另一头竟已坐着一个女人,用手托着腮帮,笑盈盈地望着他。
娃娃开始哭,露白悄悄地挪了挪位置,仿佛瞧见了一只毒蝎子。
这貌美的女人正是“毒蝎子”杨二娘。
“我以为杨二娘长得也像只蝎子。
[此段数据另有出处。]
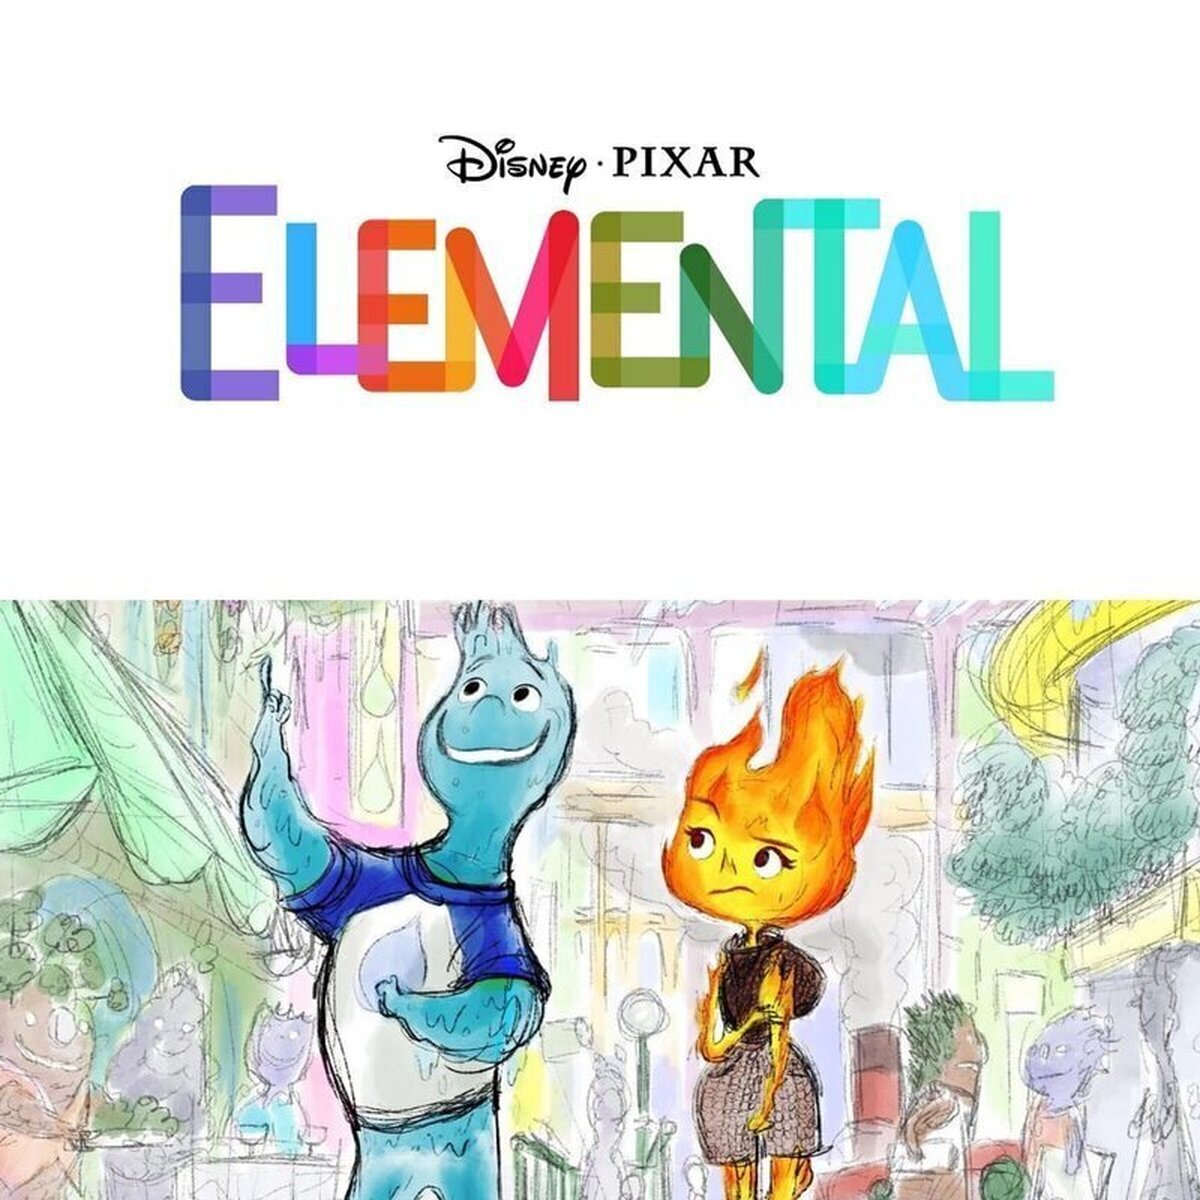 ES OFICIAL. Pixar anuncia su nueva película #Elemental. La trama seguirá la aventura de una joven de fuego y un chico de agua. En una ciudad con en la que sus habitantes son 4 elementos. En cines en verano del 2023

”初新的第一句话就差点让杨二娘跳起来,可她毕竟是三十几岁的女人,比寻常的姑娘沉得住气。
她没有回应初新,而是打量着露白,最后把目光落在露白怀里的孩子身上。
初新瞬间变了脸色,他害怕杨二娘的目光里有毒。
“你要杀这孩子?”他问。
杨二娘只是向他使了个很媚的眼色,没有回答他的问题。
“回答我!”初新终于忍不住拍桌而起,在那一瞬间,他才发现自己于心理上建立的微弱优势已荡然无存。
被激怒的不是杨二娘,反而是自己。
“别生气呐,坐下。”杨二娘的声音同样很好听,可在醉仙楼的这方角落里,她简单的话语却像死神的判词。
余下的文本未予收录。